Bamboo plants release 30% more oxygen into the atmosphere compared to other plants and they also help prevent soil erosion. What’s more, we can use every part of the plant for a variety of purposes ranging from construction to deodorants and medicines.

Bamboo’s strengths

The use of bamboo in the construction, automobile and other fields helps to reduce our reliance on steel, plastic and carbon fibre, all of which produce greenhouse gases in huge quantities.

Its tensile strength is also greater than steel – 28,000 pounds per square inch compared with 23,000 pounds psi. We measure tensile strength as the resistance offered by an object to breaking or splitting under tension.

Of course, it’s unlikely that we will need that level of strength in our everyday household products, from our bamboo pet bowls to kitchen towels, toothbrushes and cutlery! But it is great to know how durable and resilient they will be.

Bamboo is also a wonderful material when it’s processed sustainably for textile purposes and fabrics have been made from the plant for many thousands of years. The best quality fabric is produced in ways that do not extract cellulose but, instead, a natural enzyme is used on crushed bamboo wood fibres, which are then washed and spun into silky yarn.

And clothing aside, bamboo fabric is great as a sustainable alternative to single-use products. For example the ecoegg Reusable Kitchen Towels that give 85 uses per sheet (with 20 sheets to a roll) and facial products like the Bambaw Reusable Bamboo Makeup Remover Pads, that can be washed and reused many times.

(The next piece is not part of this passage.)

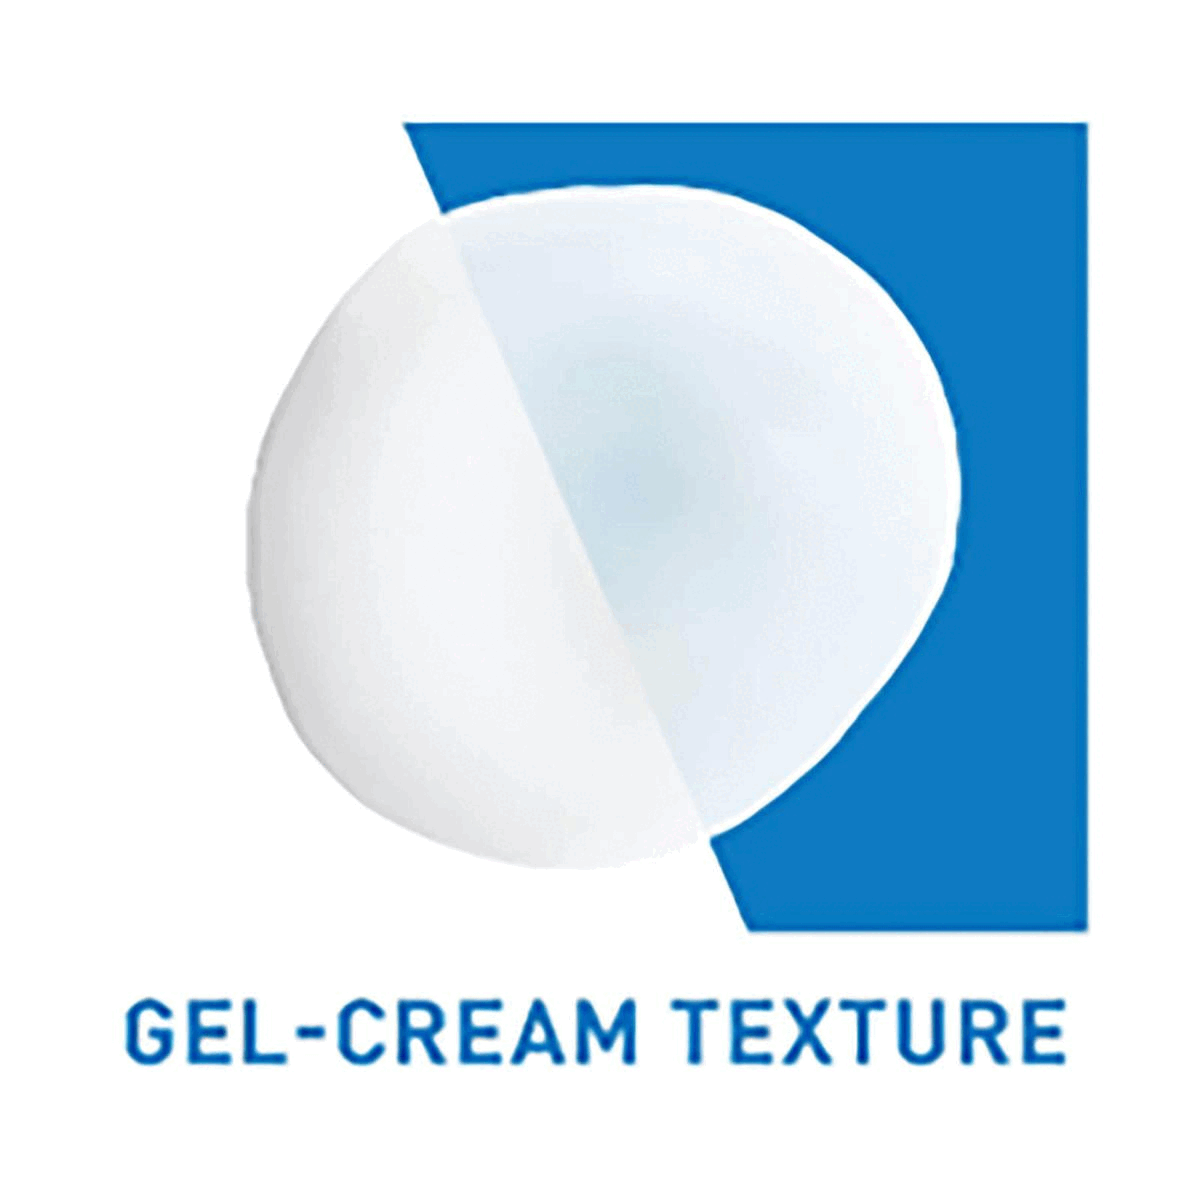 Image 1- gel-cream texture Image 2- soft, smooth skin Image 3- MVE technology, all day hydration 3 essential ceramides, hyaluronic acid

Our Beco Pets Bamboo bowls are made combination of bamboo, cornstarch and rice husks, a natural by-product from rice farming. The bowls have the same strength and durability as plastic, but they will naturally break down at end-of-life, so are much kinder to the planet.

Clearly, both bamboo and stainless steel products are a far better choice than plastic in terms of impact on the planet with each having its own strengths but for many products, the natural, environmentally-friendly choice would be the fast-growing bamboo grass.